• Sunday, 24 November 2024

Arkeolog Temukan Kota Maya yang Hilang di Hutan Meksiko

Arkeolog Temukan Kota Maya yang Hilang di Hutan Meksiko
Survei lidar dari udara mengungkap permukiman kuno di wilayah Campeche, Meksiko. (Luke Auld-Thomas / Antiquity via Cambridge University Press)

SEAToday.com, Jakarta - Sebuah kota besar suku Maya telah ditemukan berabad-abad setelah menghilang di balik lebatnya hutan di Meksiko. Para arkeolog menemukan piramida, lapangan olahraga, jalan setapak yang menghubungkan distrik-distrik dan amfiteater di negara bagian tenggara Campeche.

Dilansir dari BBC, para arkeolog menemukan kompleks tersembunyi, yang mereka sebut Valeriana, dengan menggunakan Lidar, sejenis survei laser yang memetakan struktur yang terkubur di bawah vegetasi. Mereka percaya bahwa kompleks ini merupakan yang kedua setelah Calakmul, yang dianggap sebagai situs Maya terbesar di Amerika Latin kuno.

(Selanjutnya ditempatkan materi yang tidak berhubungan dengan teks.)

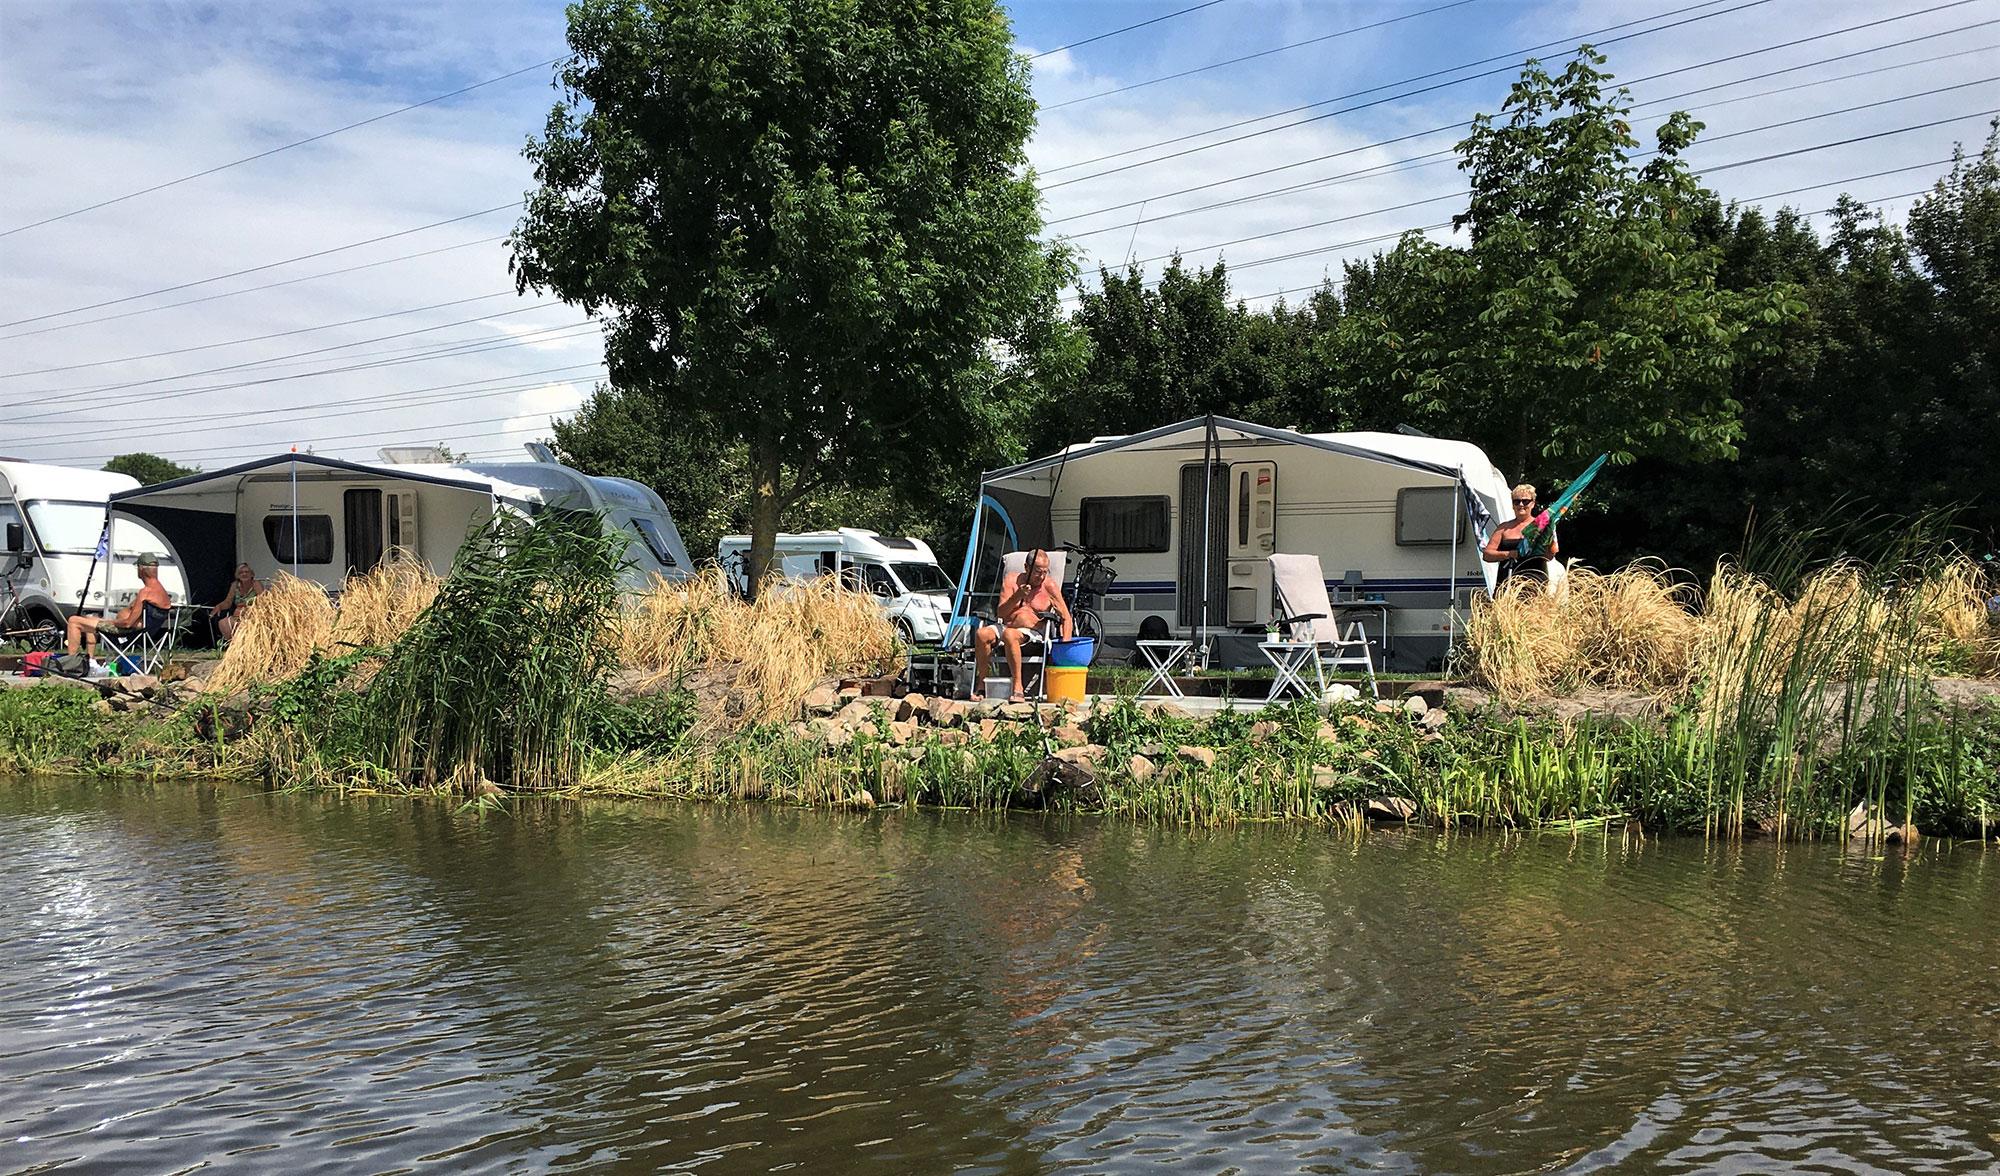 Kamperplaats met prive terras aan het water

Tim ini menemukan tiga situs secara keseluruhan, di area survei seluas ibukota Skotlandia, Edinburgh, secara "tidak sengaja" saat seorang arkeolog menelusuri data di internet.

"Saya berada di halaman 16 pencarian Google dan menemukan survei laser yang dilakukan oleh sebuah organisasi Meksiko untuk pemantauan lingkungan," jelas Luke Auld-Thomas, seorang mahasiswa PhD di Tulane University, Amerika Serikat.

Survei tersebut adalah survei Lidar, sebuah teknik penginderaan jarak jauh yang menembakkan ribuan pulsa laser dari pesawat dan memetakan objek-objek di bawahnya dengan menggunakan waktu yang dibutuhkan sinyal untuk kembali.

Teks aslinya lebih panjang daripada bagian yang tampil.